Entre midi et deux, il n'y a pas grand-monde, ça devrait aller.
Je calcule à peu près. « Vous rendez la monnaie, sur ces bons ? »
« Ah non, ça on prend pas, ça !
« Si, si, ça vous prenez, vous êtes obligés, de prendre, c'est un accord entre la mairie et votre magasin. »
Elle appelle sa cheffe. La file d'attente, pendant ce temps-là, grandit, derrière moi. Tout ce que je voulais éviter. La cheffe arrive enfin, en slalomant entre les clients, l'air très affairé, regarde mes bons jaunes, ne dit rien, mais prend son téléphone.
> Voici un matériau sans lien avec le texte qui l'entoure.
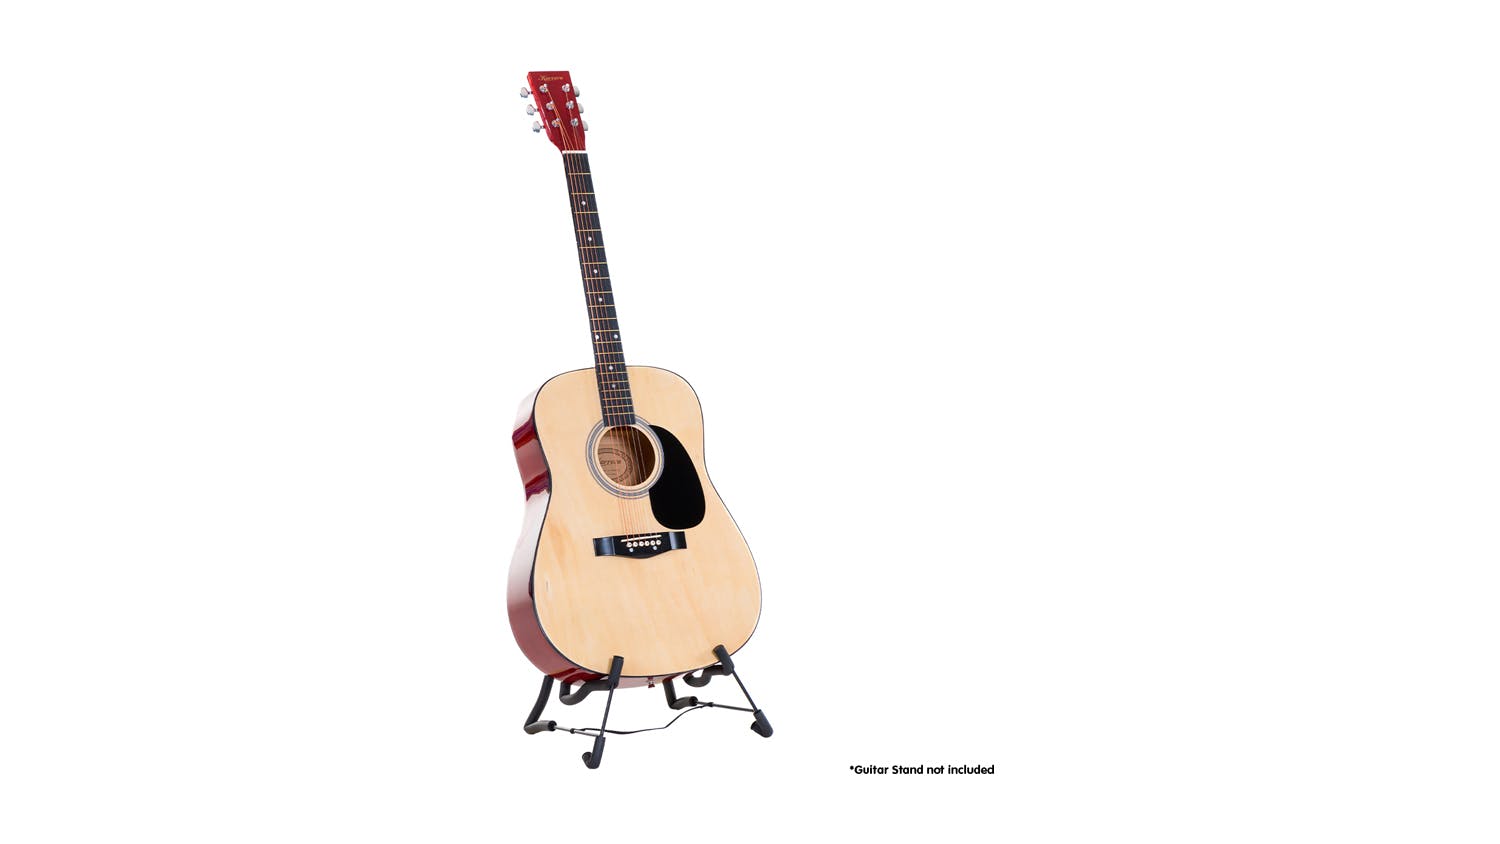 Karrera 41" Acoustic Wooden Guitar with Bag - Natural

La file grandit encore. La caissière attend, l'air maussade. Genre : je n'aime pas perdre mon temps.
Ça y est, elle sait. Elle explique à la caissière : « Tu barres le bon. Tu tapes 973 (ou 977 ?), tu édites une facture, et tu la joins au dossier. » (Le dossier ! Ils ont un dossier sur moi…) La caissière tape 973, ça ne marche pas, 977, ça ne marche pas non plus. Elle a une idée : 979. Yesss ! Bingo ! Elle édite la facture, elle barre rageusement mon bon jaune, elle agrafe le tout à un formulaire que lui donne sa cheffe, range le tout dans un dossier orange. Elle ne me rend pas la monnaie. « Pour répondre à votre deuxième question [je croyais que c'était la première], on ne rend pas la monnaie. » Ah ben merde alors. Si j'avais su, j'aurais payé en espèces. Les clients commencent à me regarder bizarrement. Je demande à la cheffe si j'ai le droit de partir, avec mes pâtes, mes citrons, mon pain, et mon jambon. Je ne demande pas mon reste. Elles ne m'ont même pas demandé ma carte d'identité…
Question discrétion, on a déjà été meilleur.
Je me dis, en rentrant chez moi, les épaules voutées : Je comprends Isabelle ; elle n'aurait jamais supporté ça.